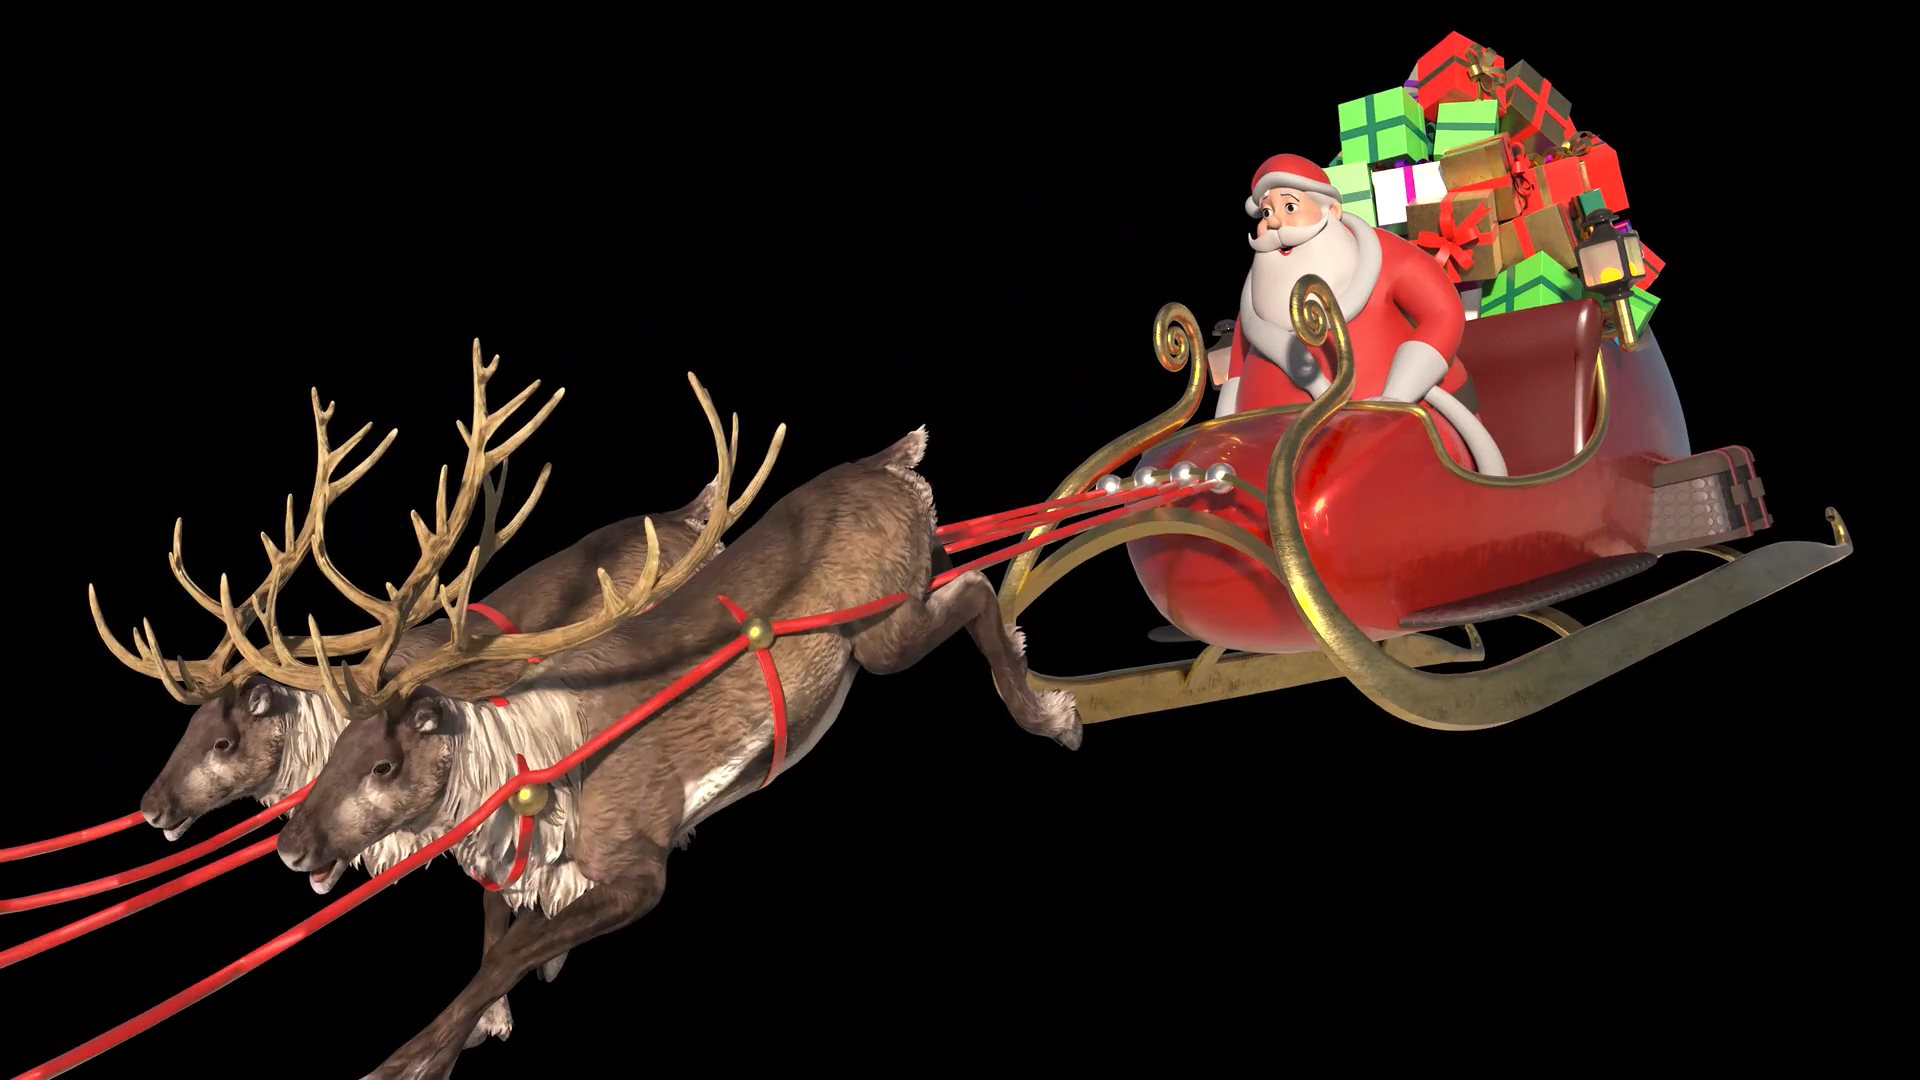 Video of Santa Claus flying in his sleigh with his reindeers
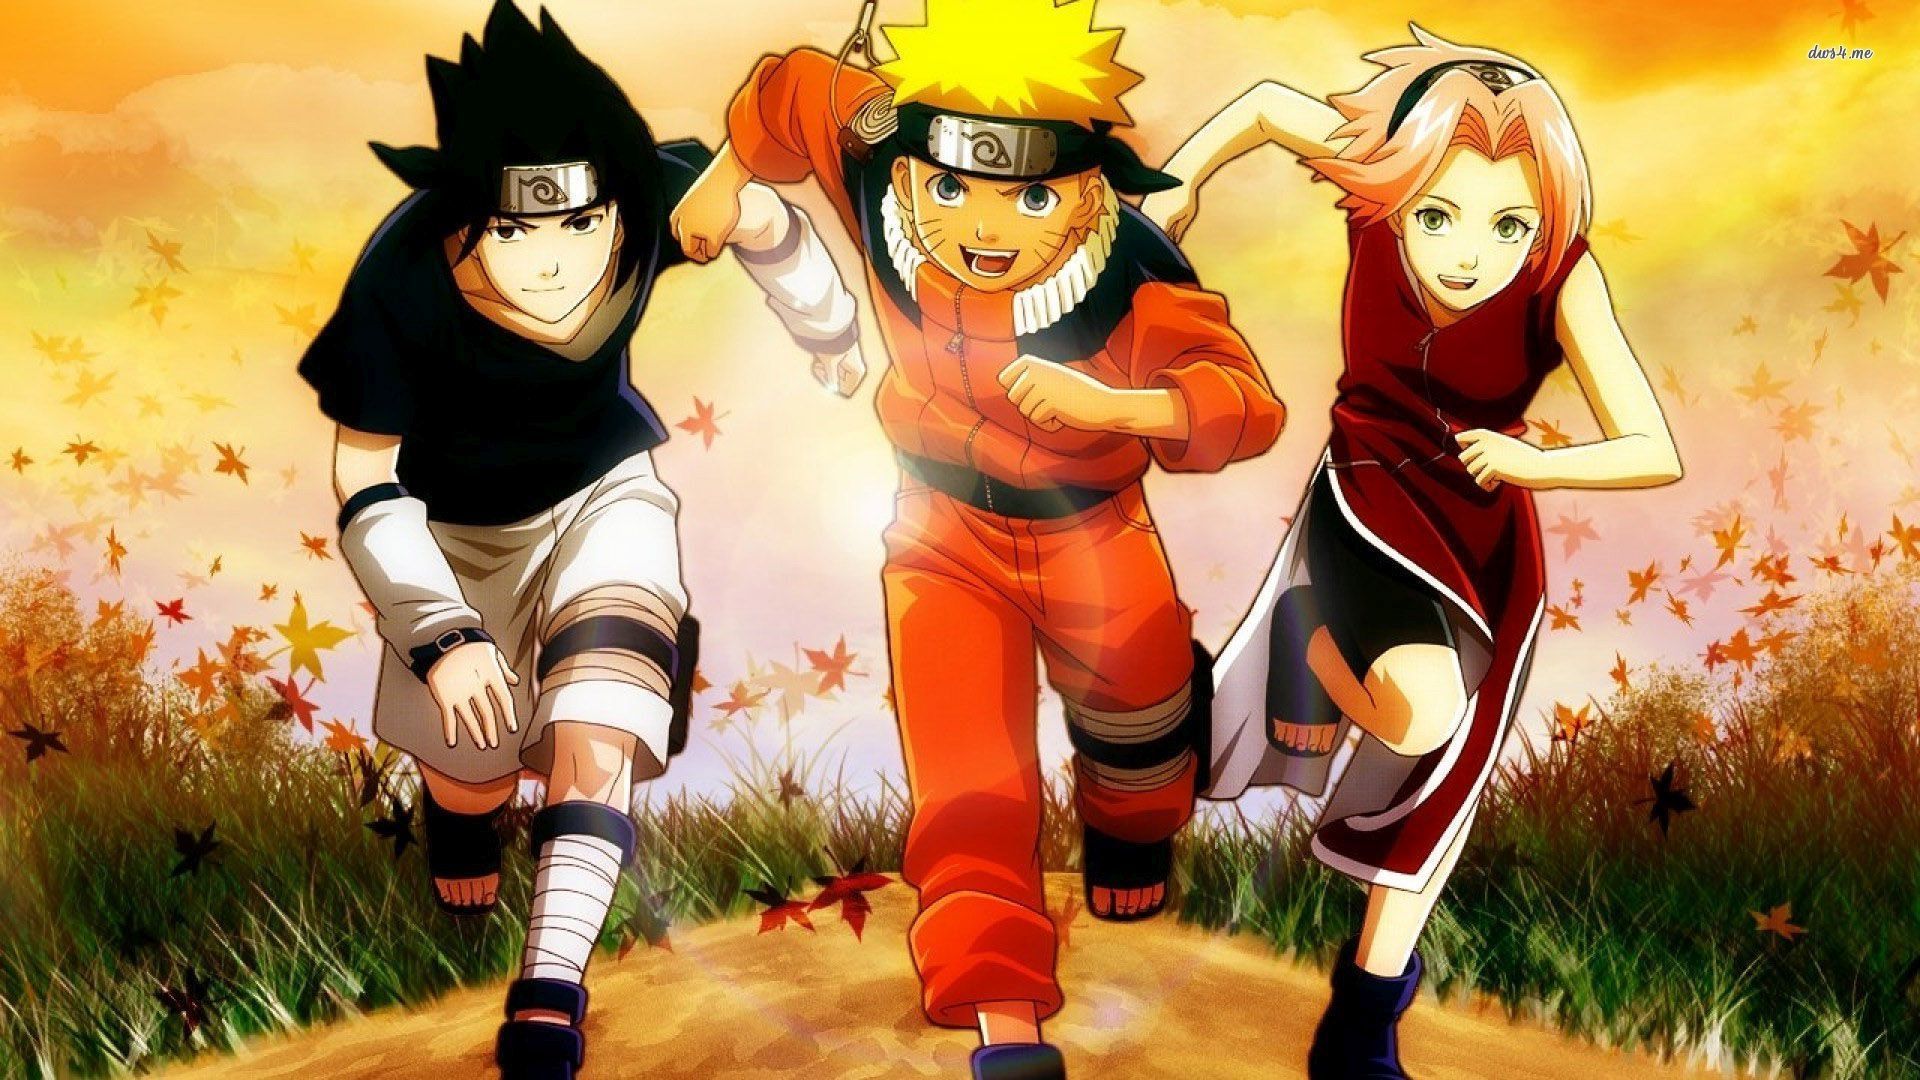 Free download Naruto Wallpaper Picture Image [1920x1080]
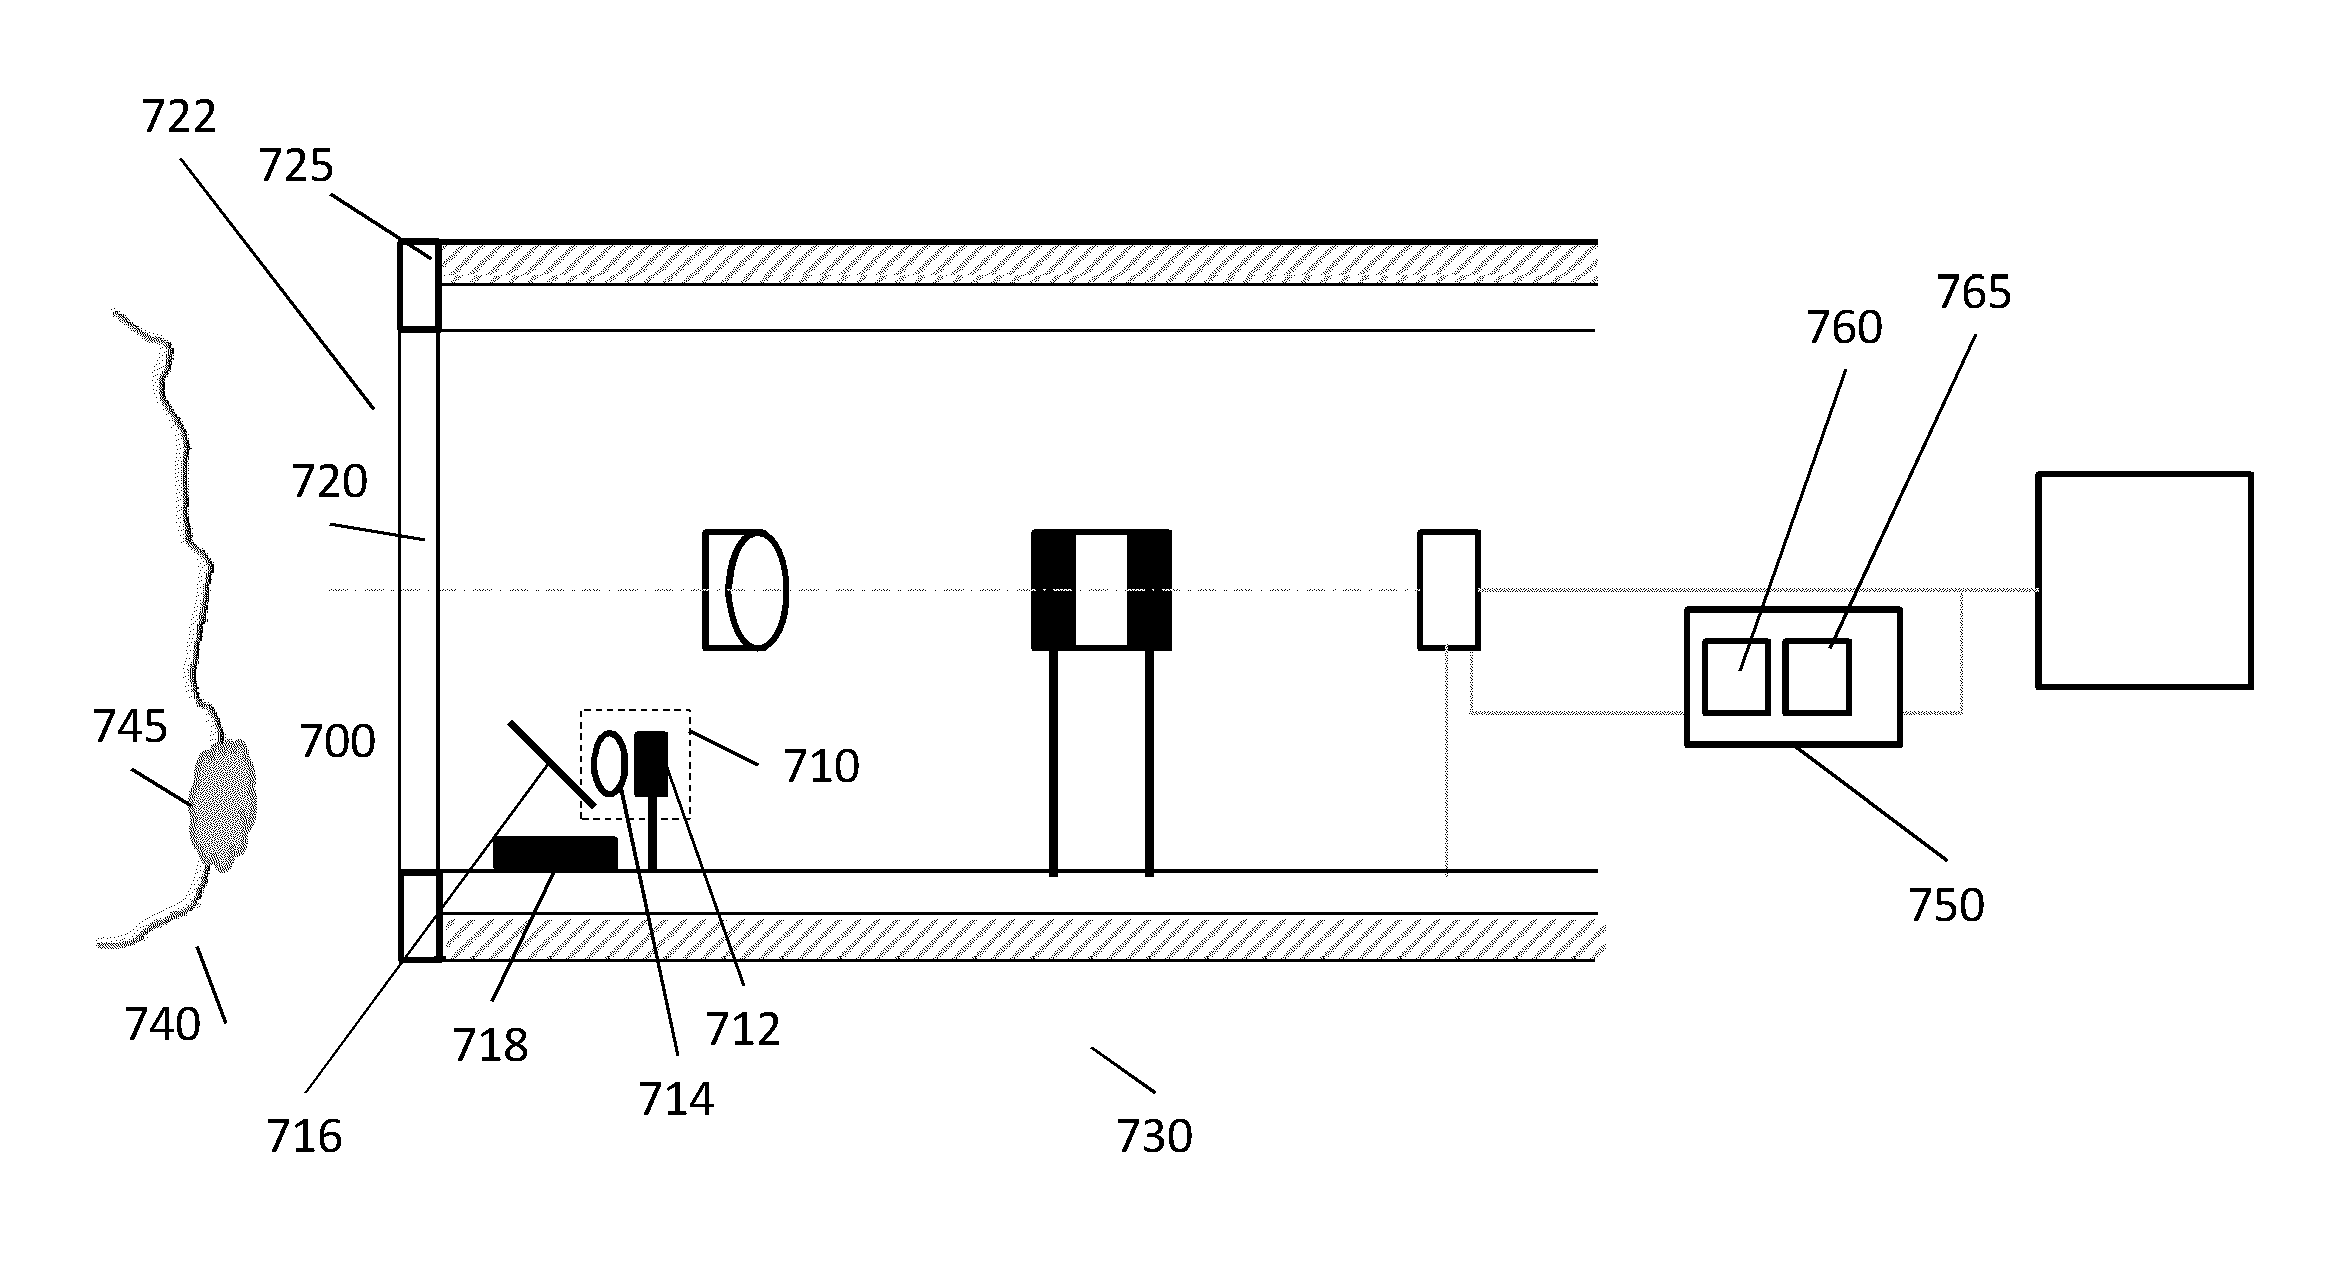 Endoscope with Electrically Adjustable Liquid Crystal Adaptive Lens

**EXERCISE**: A word-for-word copy of the data above is needed, one that omits the pictures.

**EXPECTED OUTPUT**:
 Video of Santa Claus flying in his sleigh with his reindeers
 Free download Naruto Wallpaper Picture Image [1920x1080]
 Endoscope with Electrically Adjustable Liquid Crystal Adaptive Lens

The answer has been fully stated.